• _YOUR TASK_: Would you return, word for word, the lines running from the one with "Parking on Deer" to the final line of the listing below, pictures omitted?
--- DATA PROVIDED Enclosed Below ---
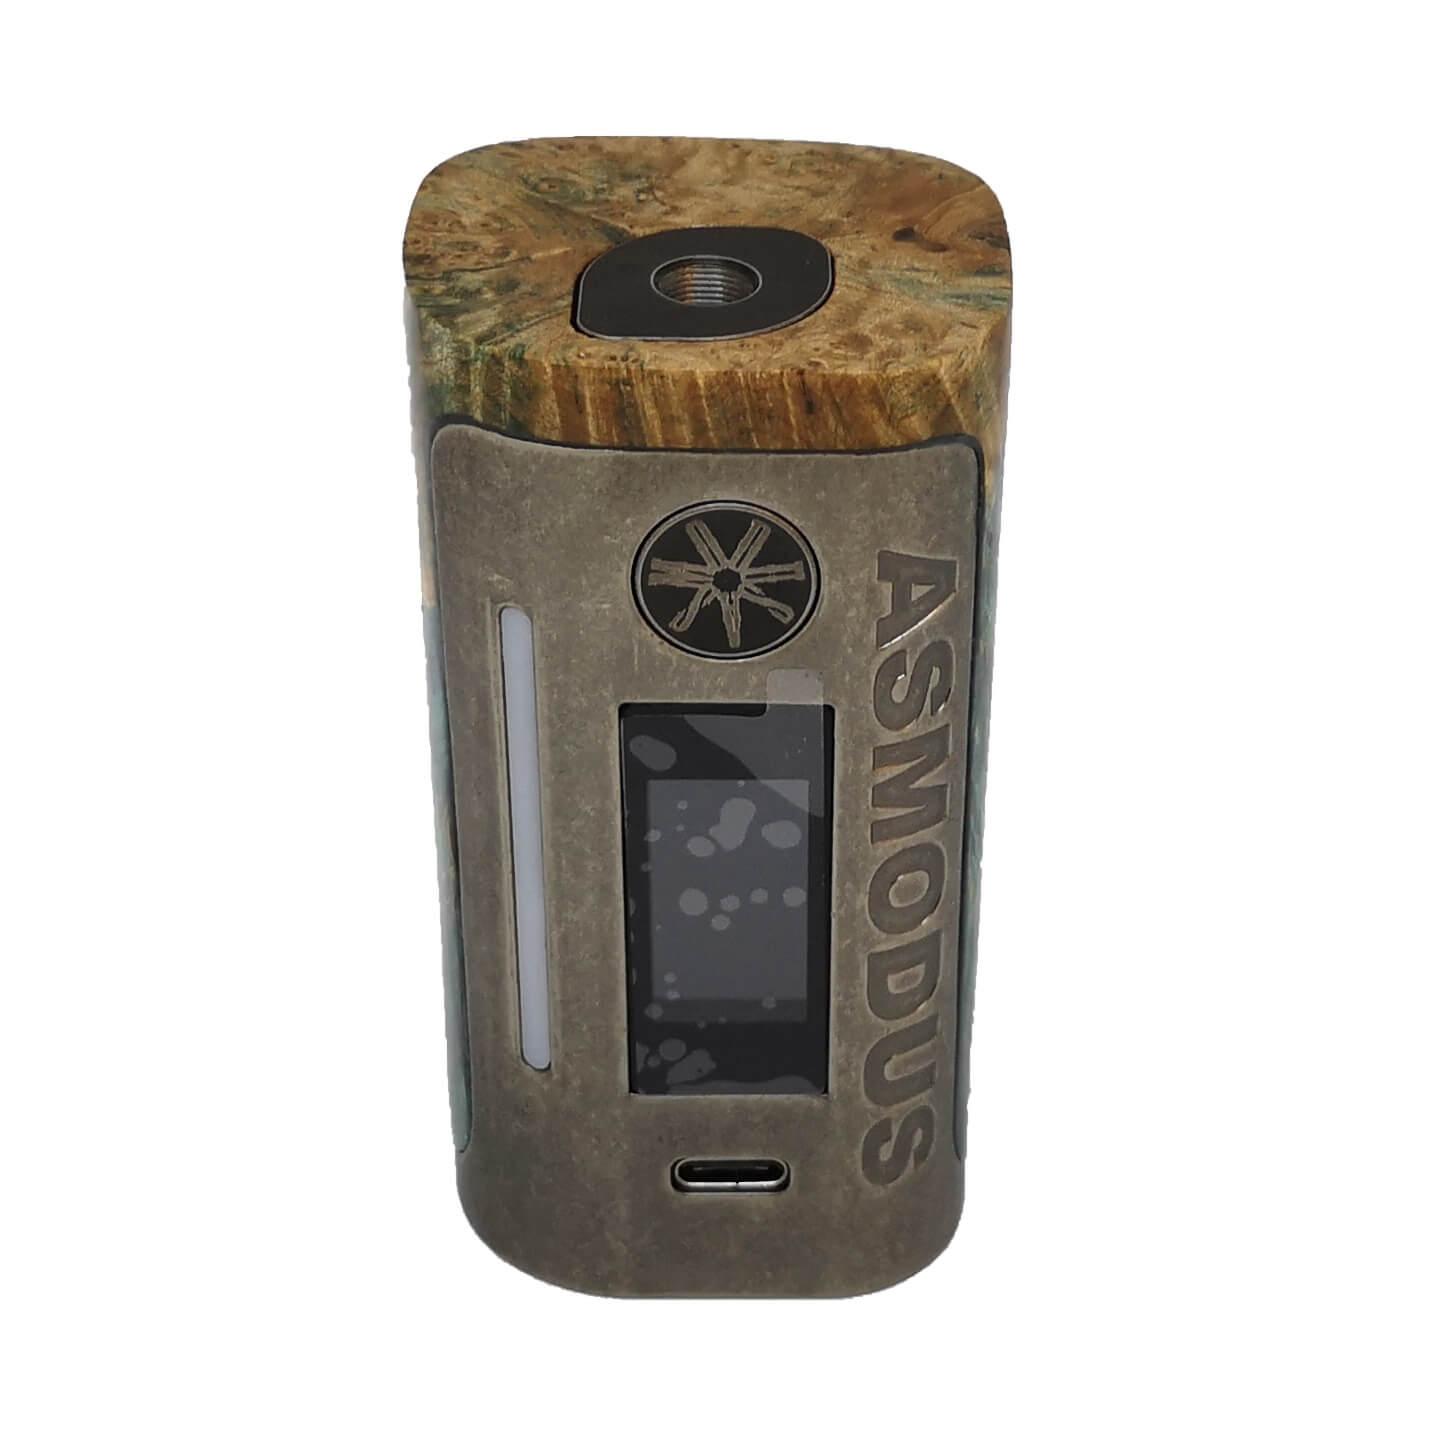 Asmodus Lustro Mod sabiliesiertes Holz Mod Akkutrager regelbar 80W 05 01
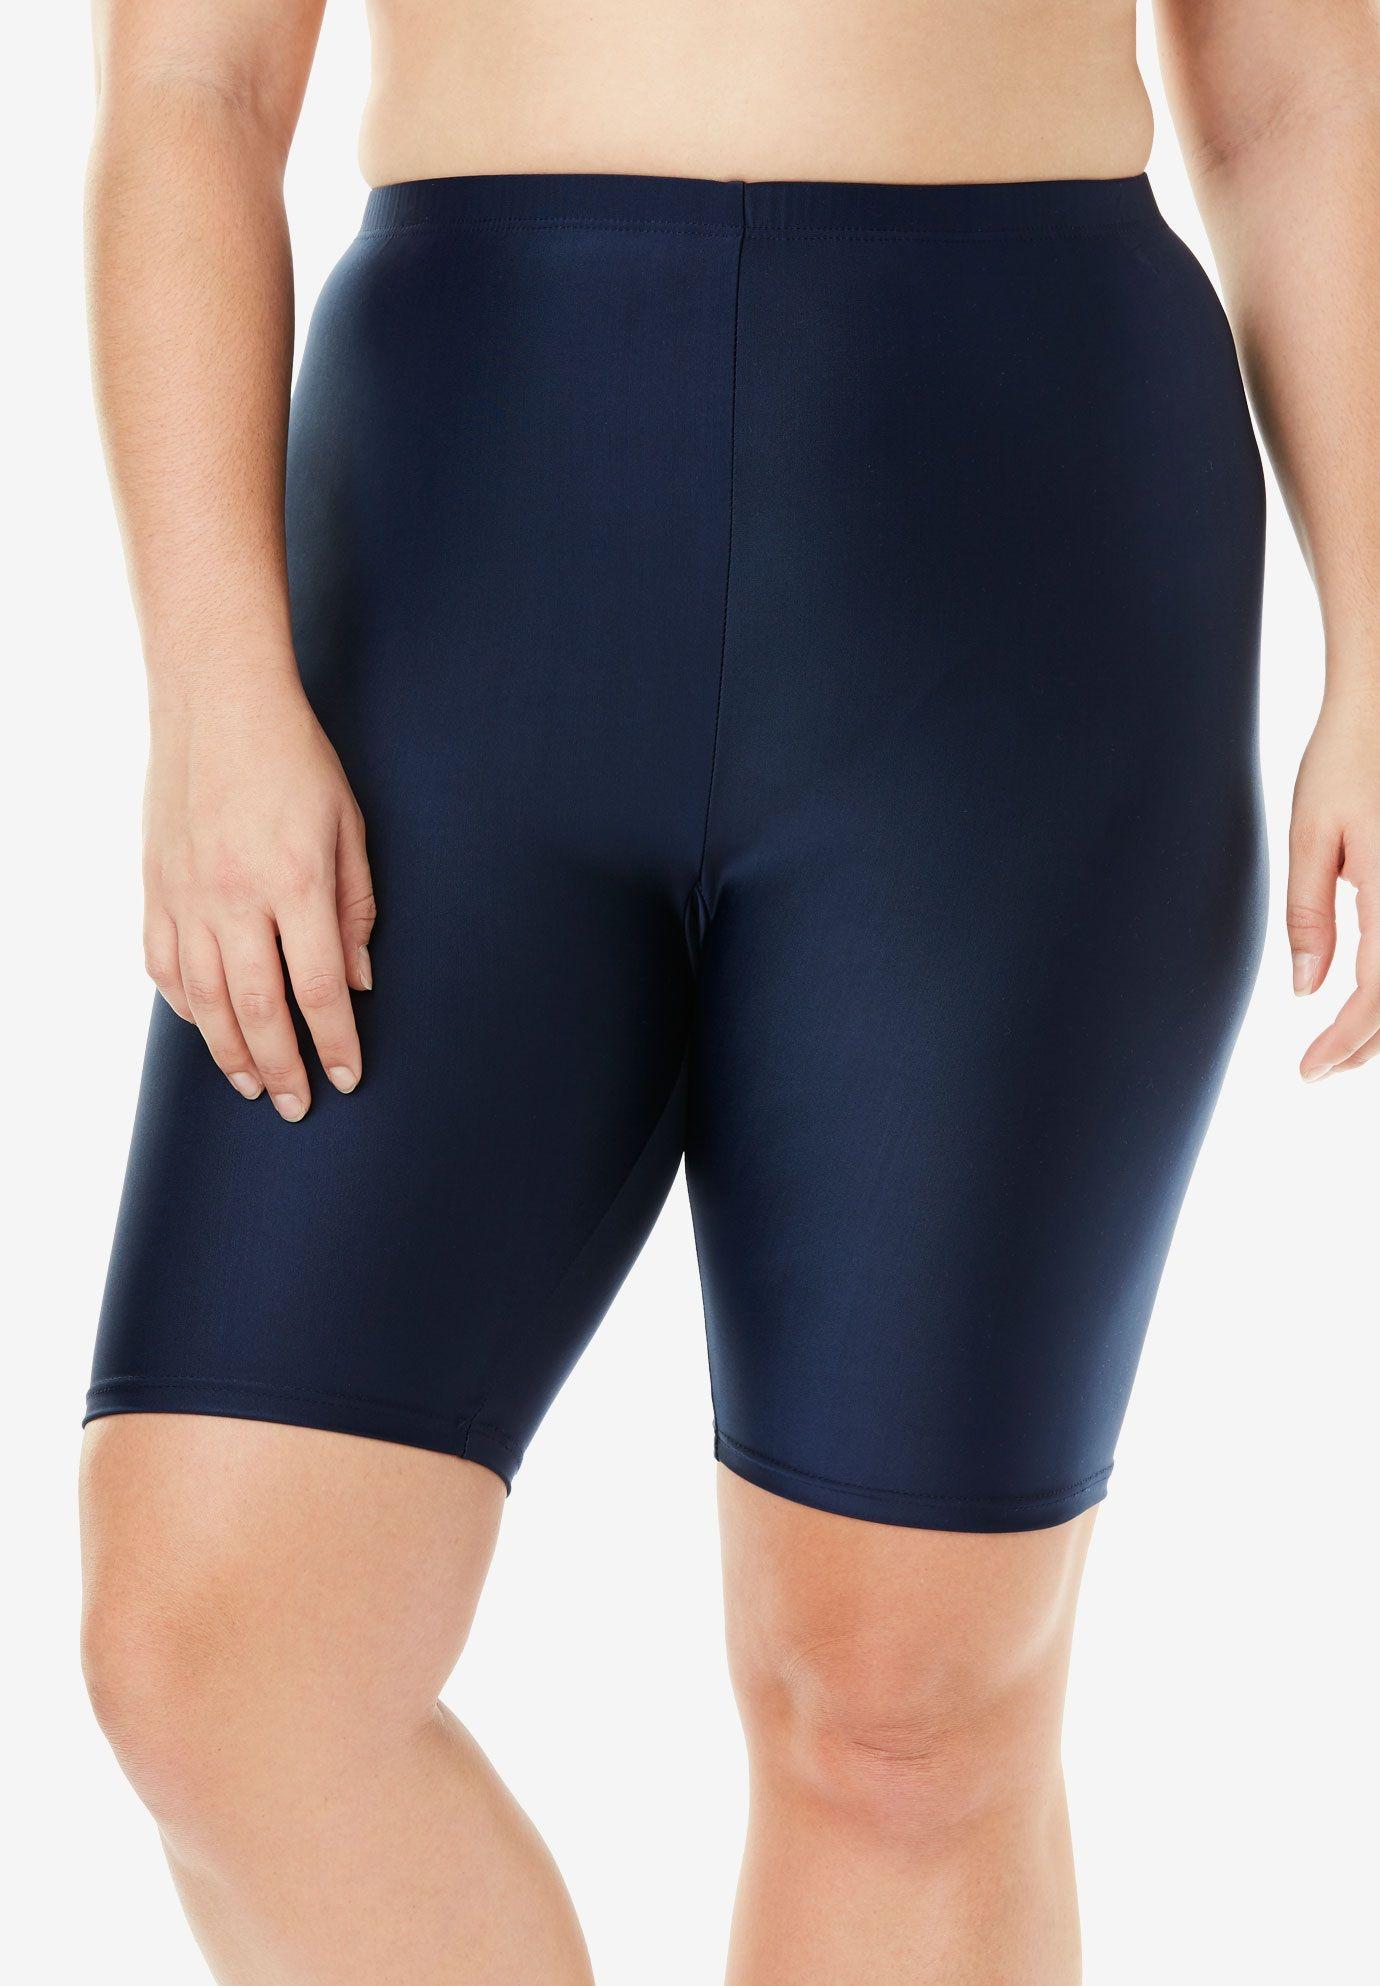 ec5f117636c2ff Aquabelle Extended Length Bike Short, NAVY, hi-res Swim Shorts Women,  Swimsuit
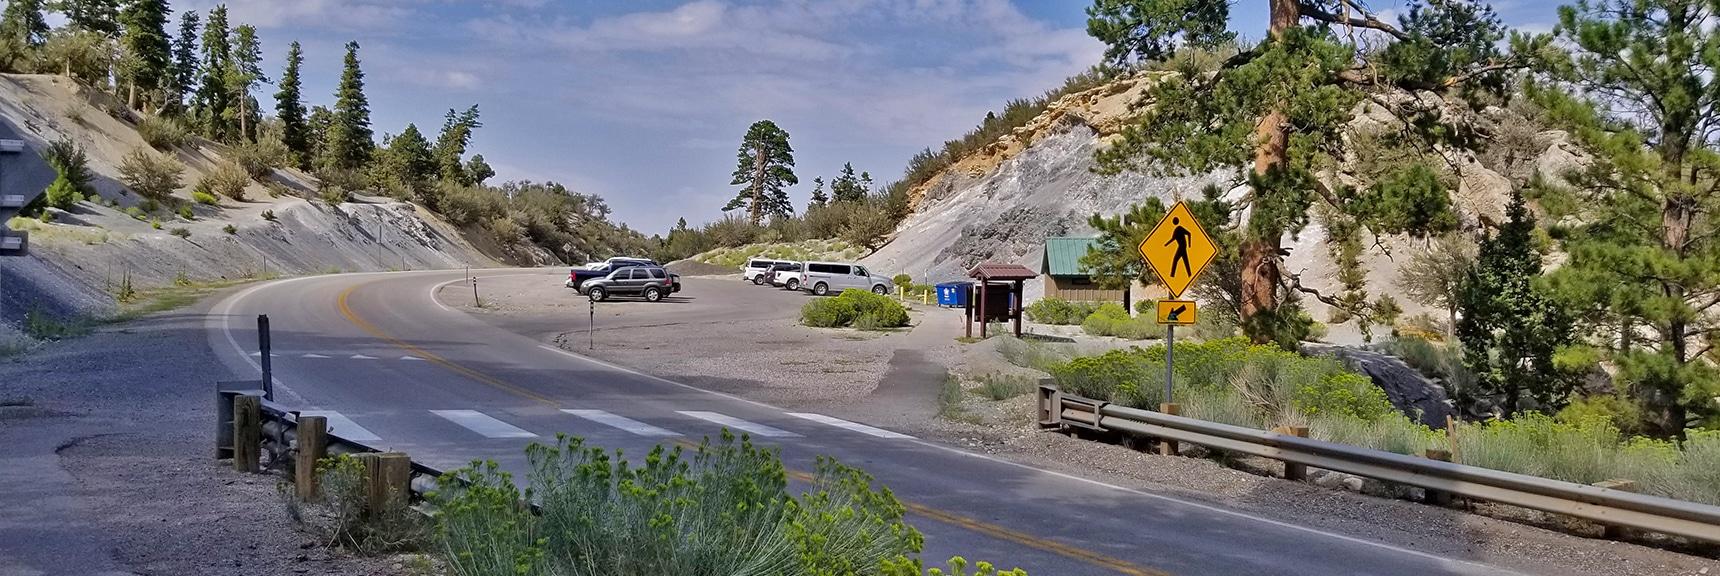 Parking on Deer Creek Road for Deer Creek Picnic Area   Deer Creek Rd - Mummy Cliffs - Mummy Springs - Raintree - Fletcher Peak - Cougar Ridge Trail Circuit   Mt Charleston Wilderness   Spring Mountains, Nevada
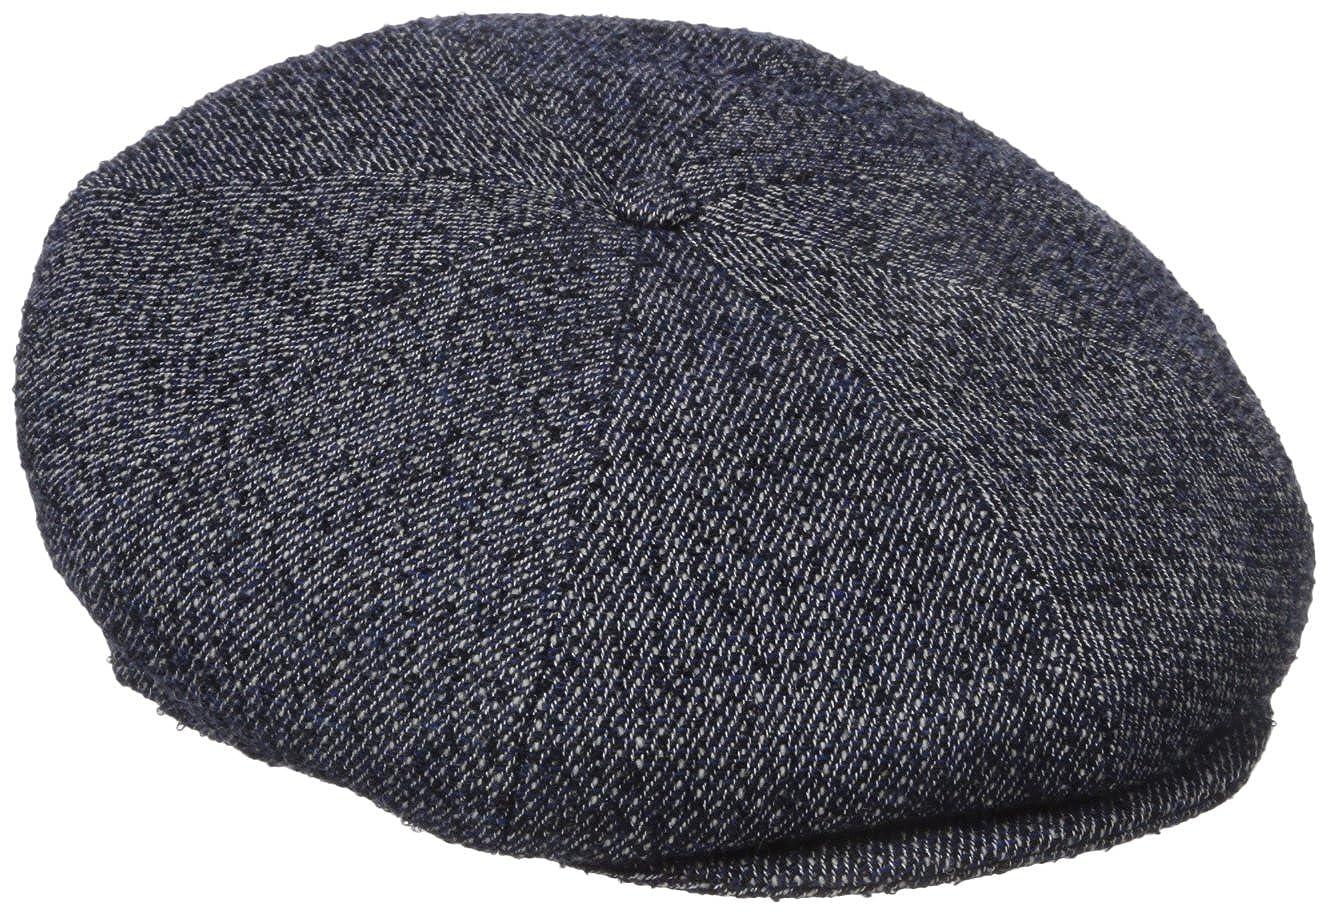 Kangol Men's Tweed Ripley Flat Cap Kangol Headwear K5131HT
--- End of Enclosed DATA PROVIDED ---
• _TASK ANSWER_:
 Parking on Deer Creek Road for Deer Creek Picnic Area   Deer Creek Rd - Mummy Cliffs - Mummy Springs - Raintree - Fletcher Peak - Cougar Ridge Trail Circuit   Mt Charleston Wilderness   Spring Mountains, Nevada
 Kangol Men's Tweed Ripley Flat Cap Kangol Headwear K5131HT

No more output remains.